We’ll skip reading through the details of the most negative comments due to their often disturbing content, but skimming the text lines gives a rather clear picture towards their general themes around crime within the city. The fact that these are the most negatively associated comments reflects VADER’s ability to catch the negative emotional valence of text related to violence and fear quite effectively.

As a final exercise, we’ll explore whether there’s a relationship between an r/NYC post’s community score and its expressed sentiment as identified by VADER. Comments can either be upvoted or downvoted by other users. This produces a score that serves as a proxy for the collective community reaction to a given comment. 

To prepare for this analysis, I’ll first have to combine my separate data frames of the baseline Reddit data with the VADER scores by comment. Luckily, the 'body' column of comments can serve as a natural primary key for a simple join function. 

In [None]:
nyc_full <- merge(nyc, nyc_sentiment, by.x = "body", by.y = "text")

We'll can now explore the sentiment trends of comments with a positive rating score of 20 through a ggplot scatter plot. You'll notice how the following code slices our dataset to our subpopulation of high-upvote comments. 

In [None]:
ggplot(nyc_full[which(nyc_full$score>20),], aes(x=compound, y=score)) + geom_point()
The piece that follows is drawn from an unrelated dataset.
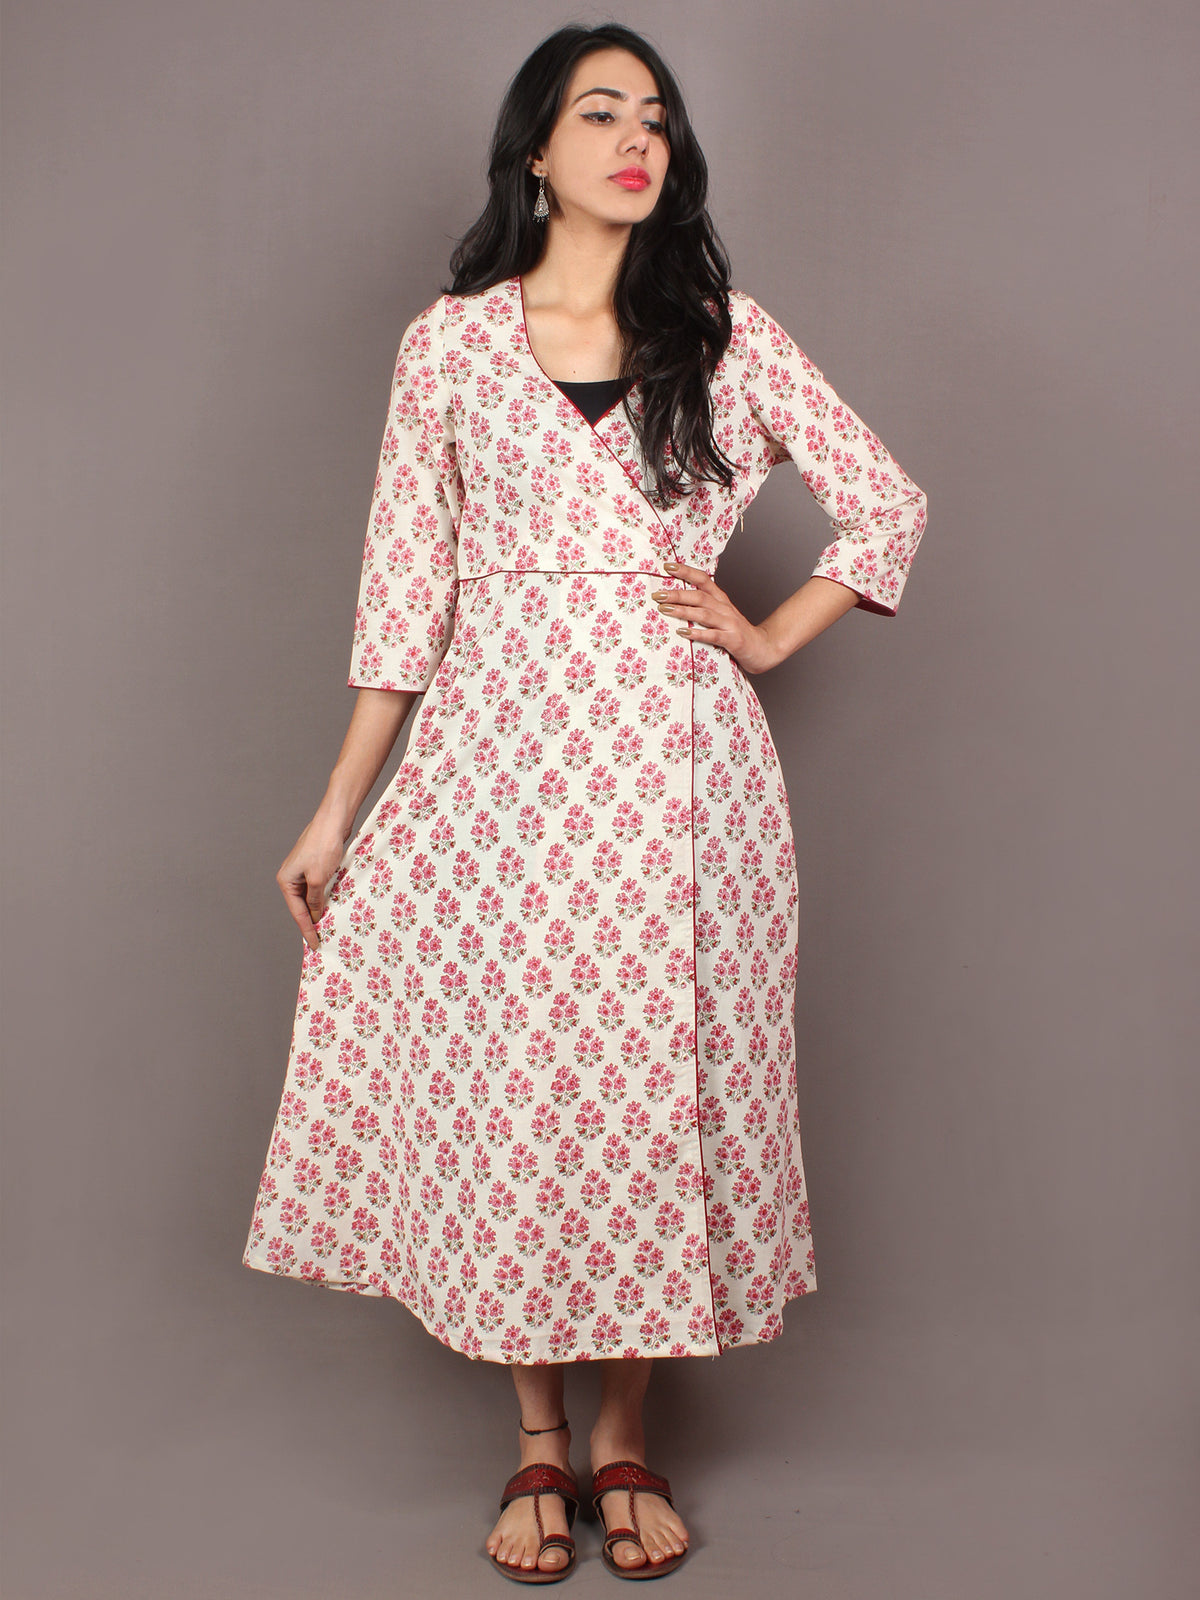 White Pink Mint Green Hand Block Printed Long Cotton Angrakha Dress - D2012301

Let's look at the equivalent for sentiment among posts that received a negative score. We'll use the same ggplot call script by adjusting our conditional slice to capture the negative-scoring poster subgroup. 

In [None]:
ggplot(nyc_full[which(nyc_full$score<0),], aes(x=compound, y=score)) + geom_point()

And that's the fundamentals of exploring text data with a dictionary-based sentiment analyzer! As you can imagine there's a wide range of further extensions you can build from these foundations- looking at sentiment over time, across subgroups, before and after significant events, and beyond. Let's now return to our discussion of additional NLP methods back in the main workshop slides.